▸ **Assignment**
Repeat exactly the lines below from the line that contains "Collier mi long, Larimar, perle, Labradorite, Chrysoprase, Sanuk" to the last line, inclusive, without the pictures.

▸ **Supplied data**
────────────────

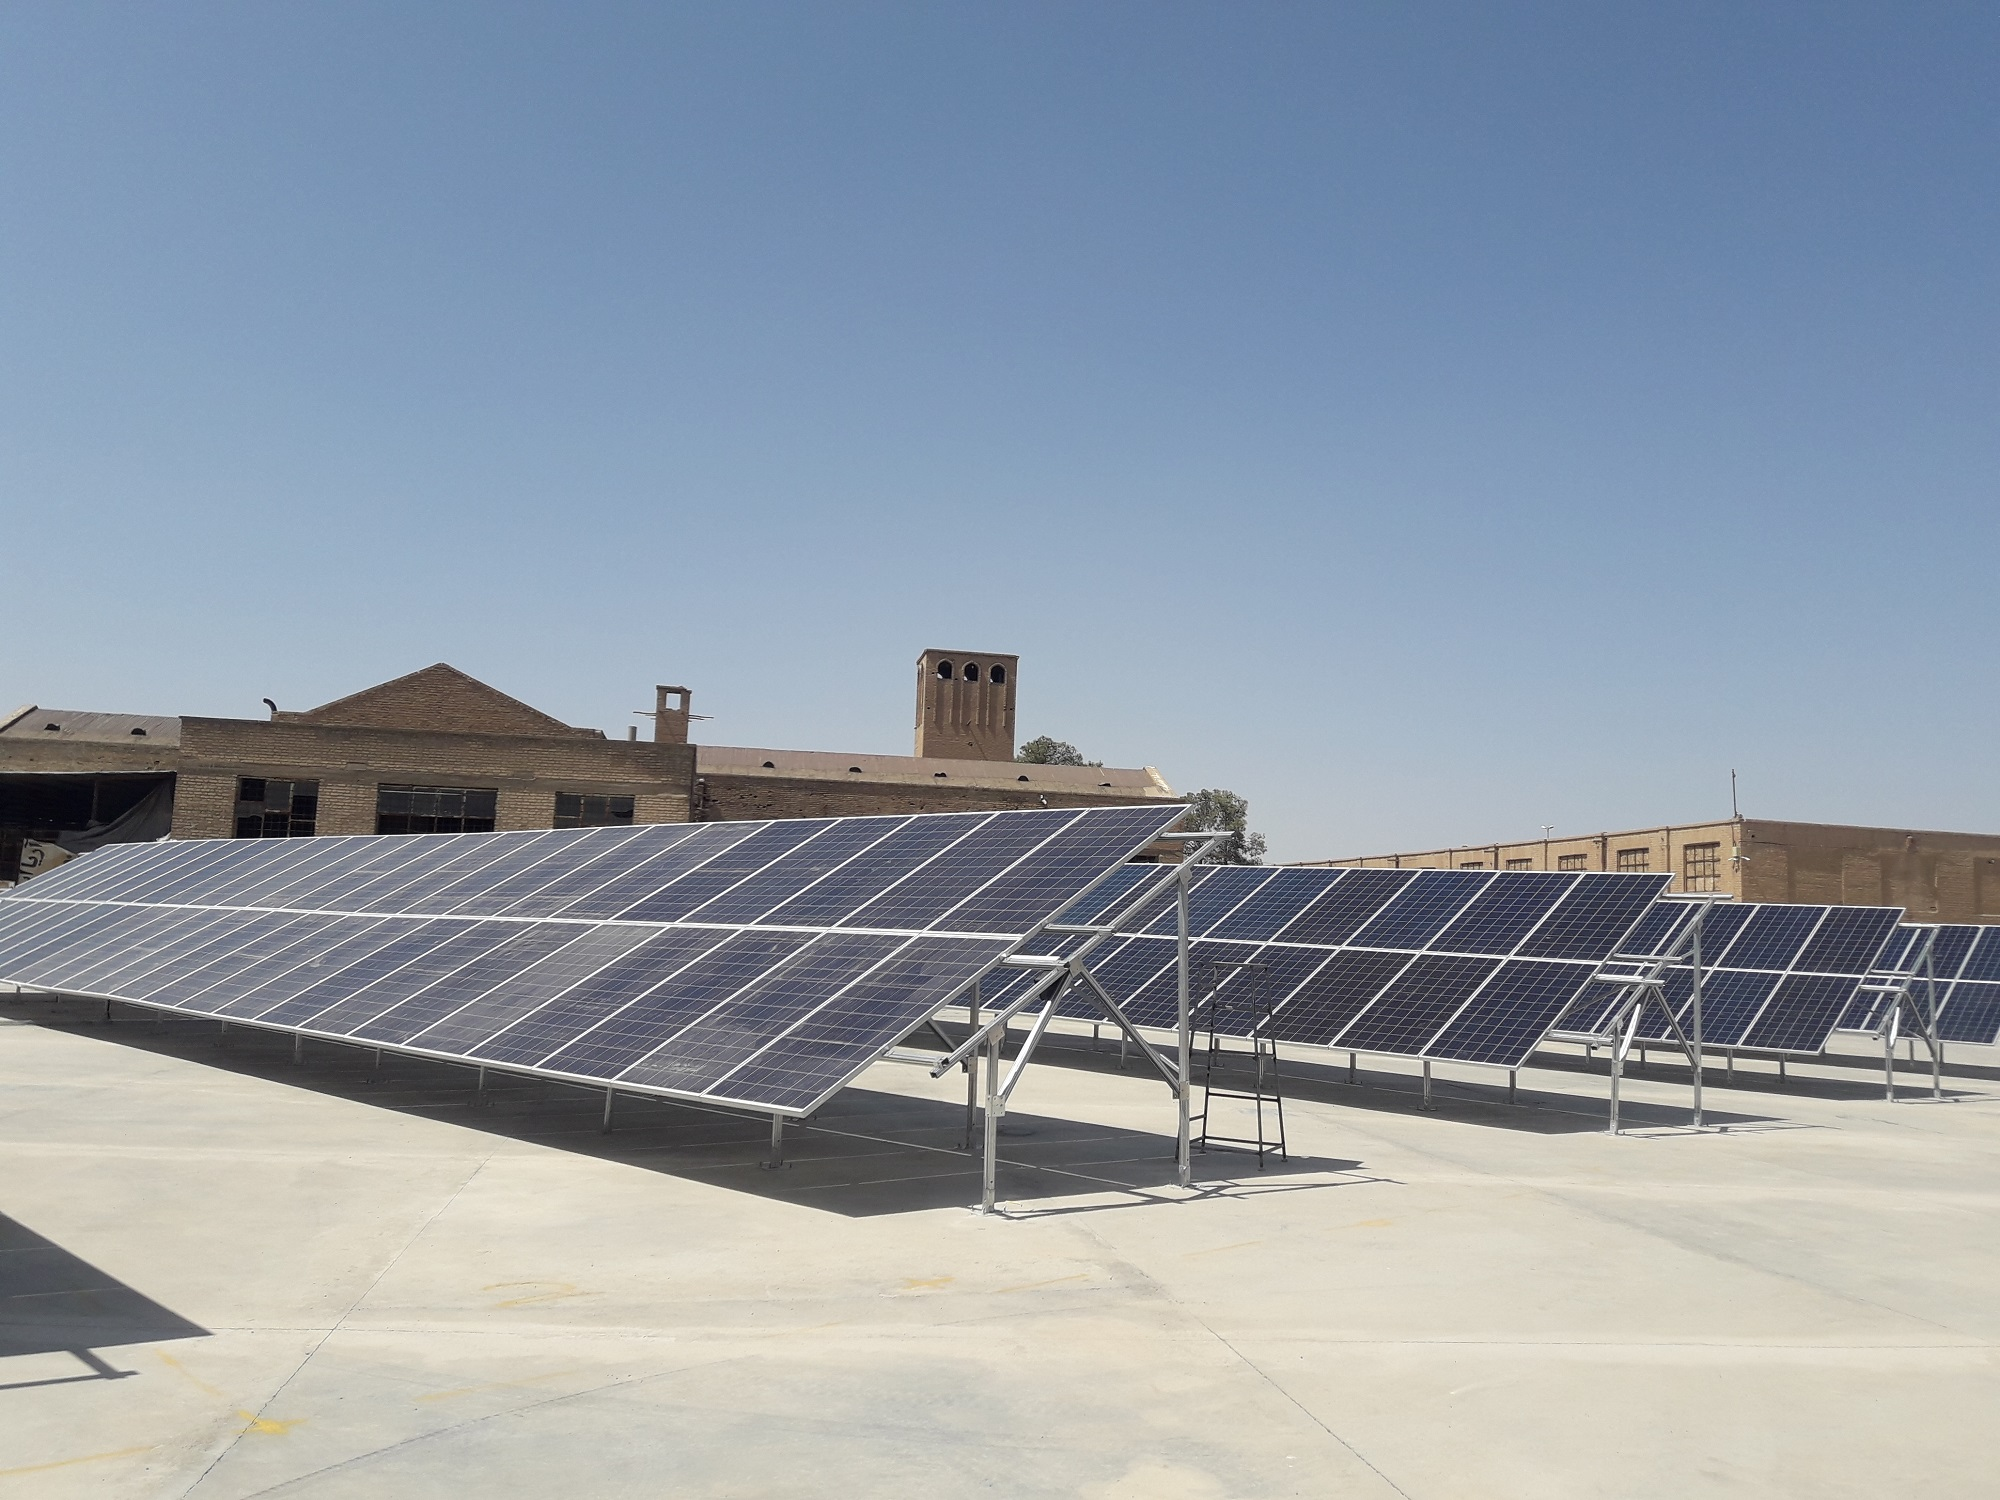 نیروگاه خورشیدی کارخانه یخ استان قم
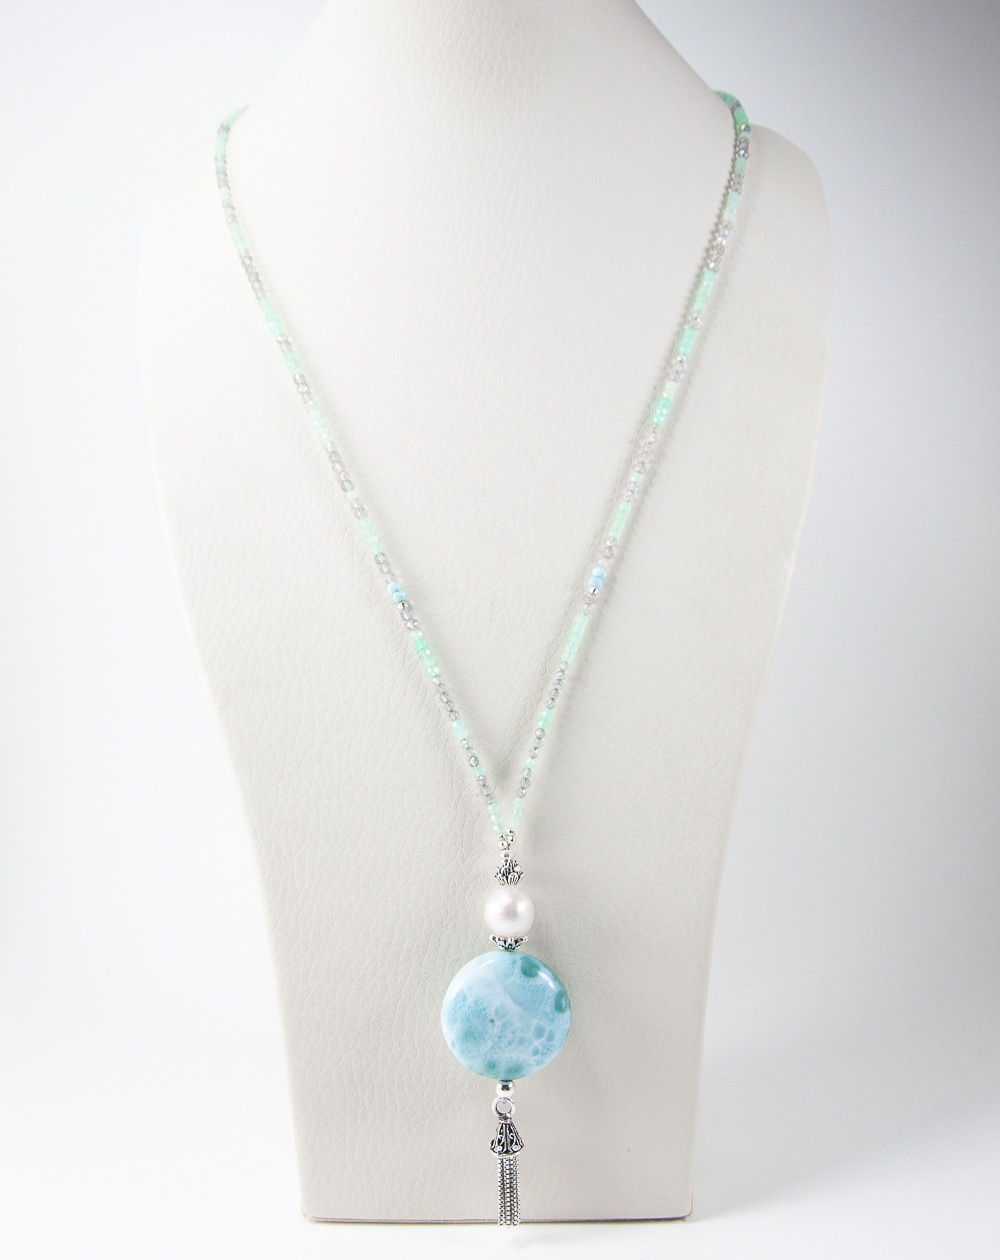 Collier mi long, Larimar, perle, Labradorite, Chrysoprase, Sanuk Création
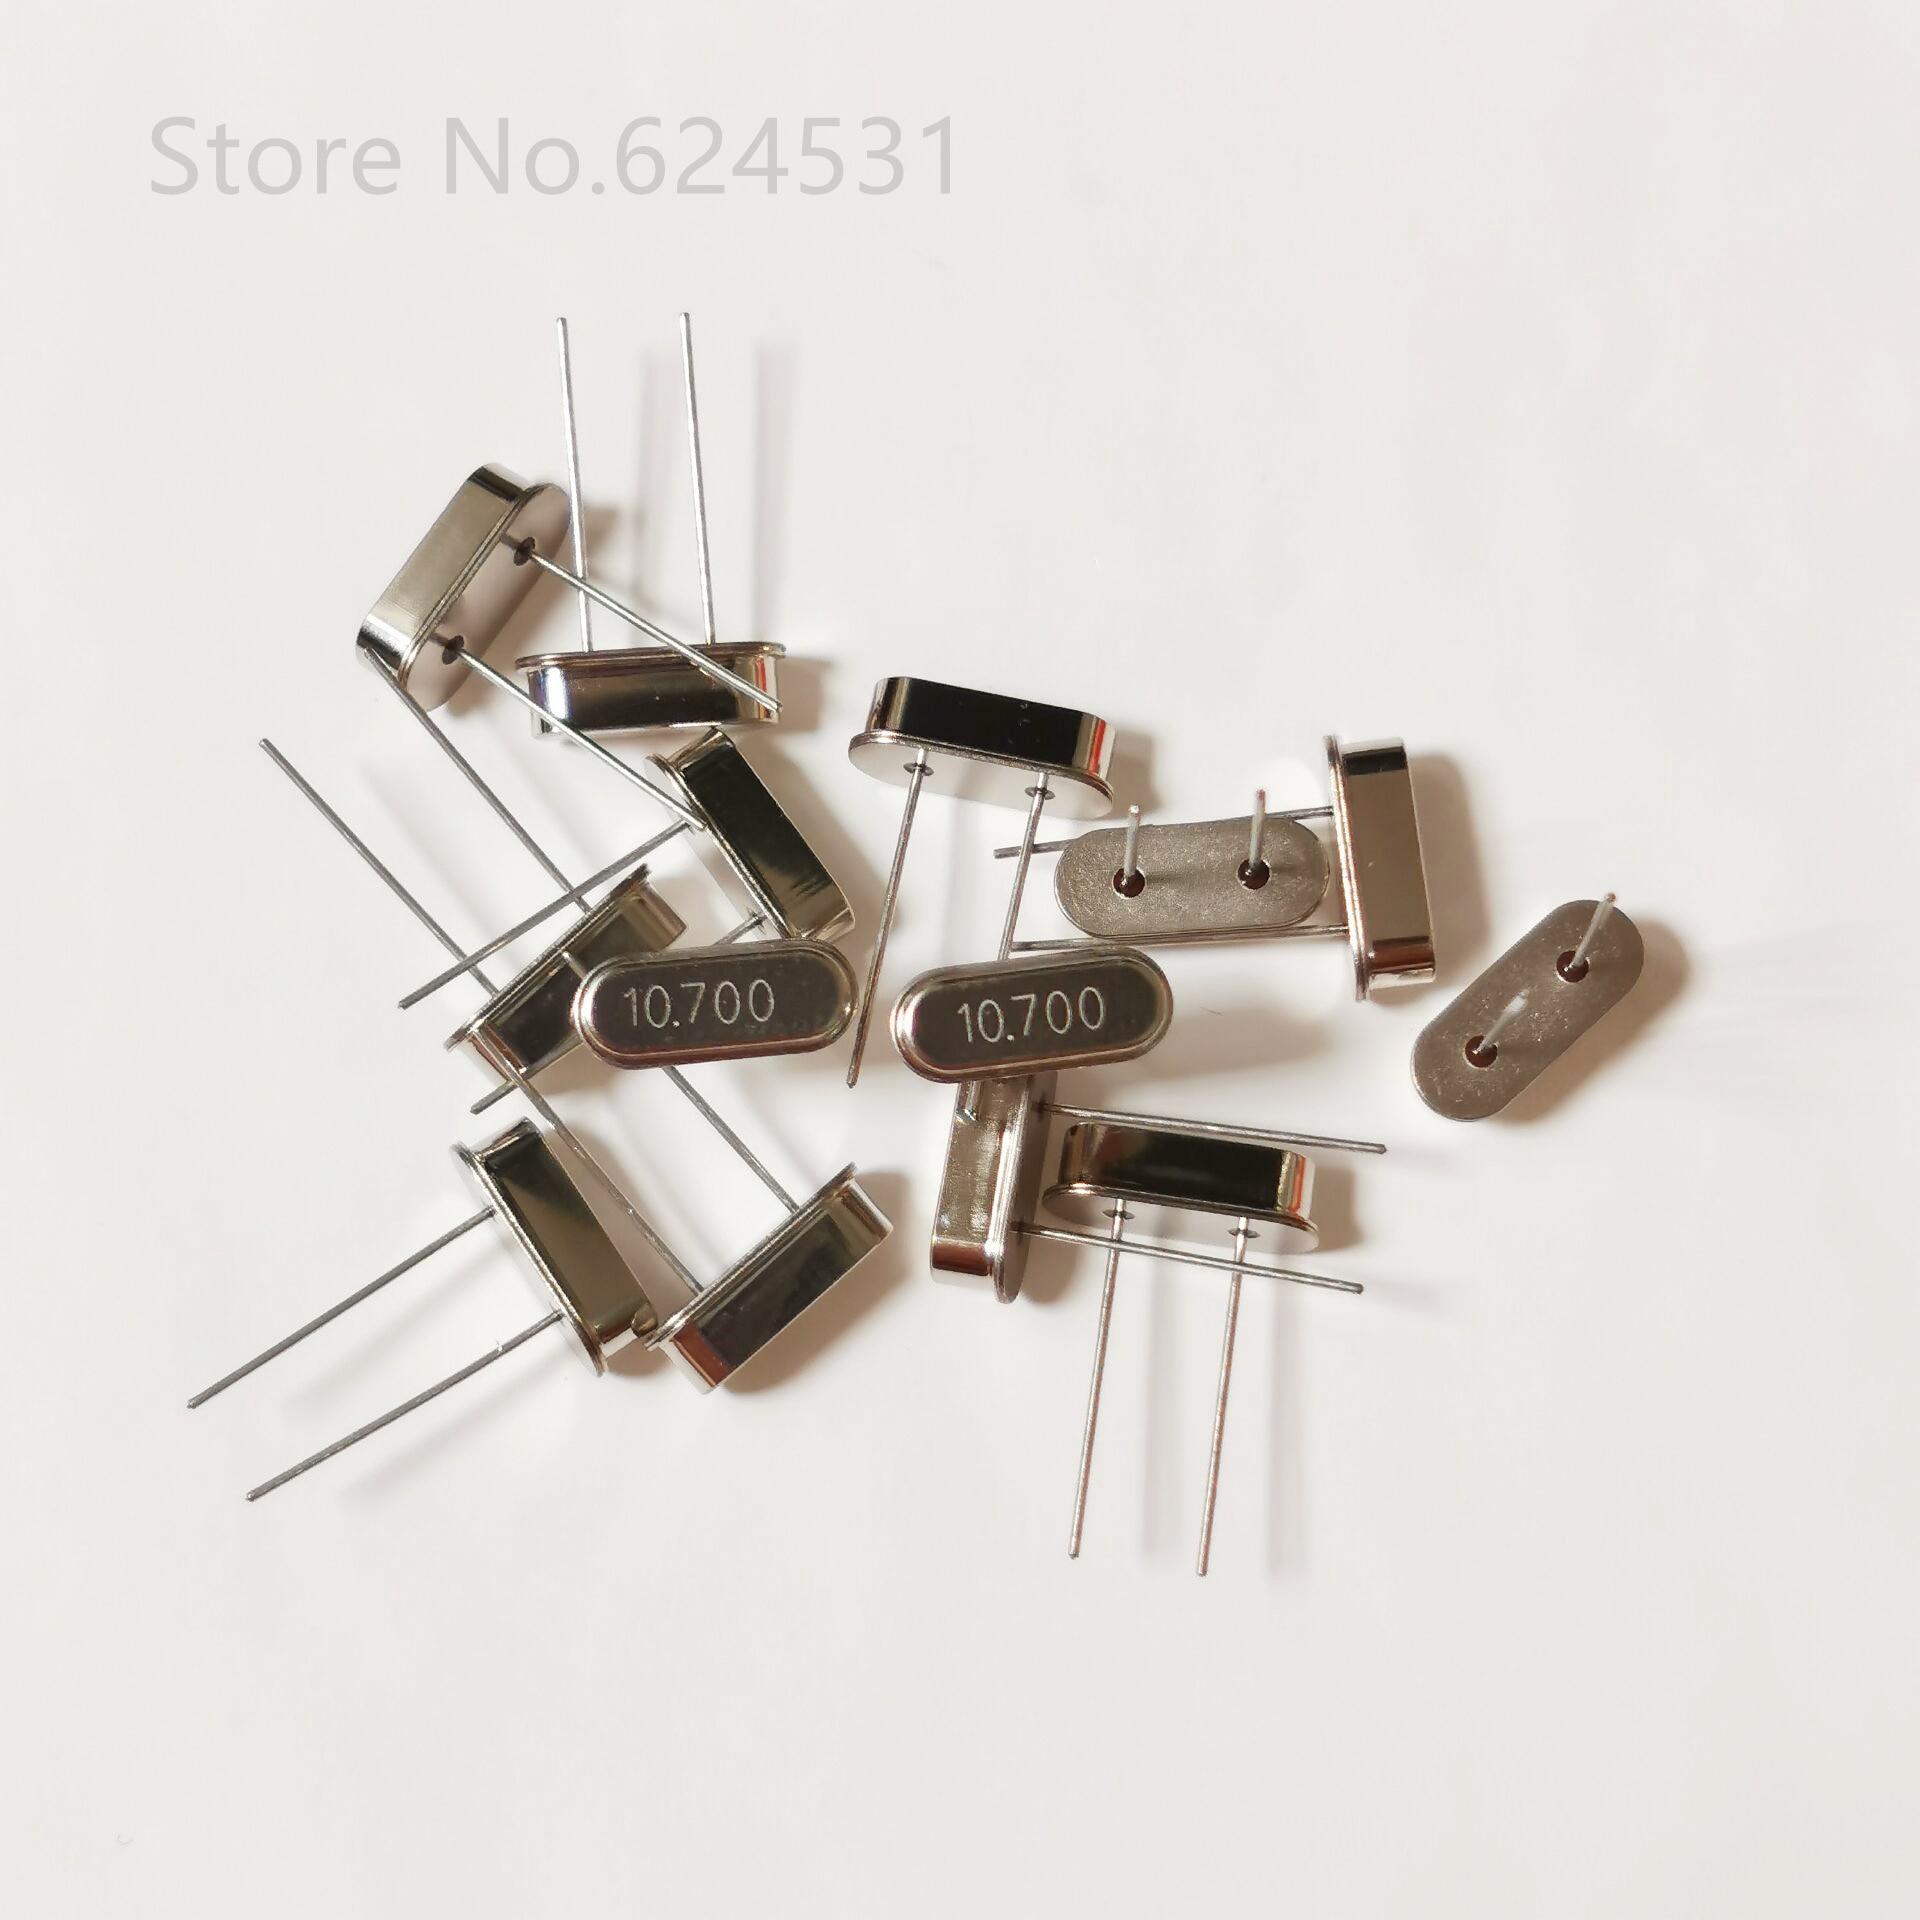 10pcs Quartz Crystal Resonator Crystal Oscillator 10.7M 10.7MHZ HC-49S In-line 2-pin Resonator

────────────────

▸ **Written answer**
 Collier mi long, Larimar, perle, Labradorite, Chrysoprase, Sanuk Création
 10pcs Quartz Crystal Resonator Crystal Oscillator 10.7M 10.7MHZ HC-49S In-line 2-pin Resonator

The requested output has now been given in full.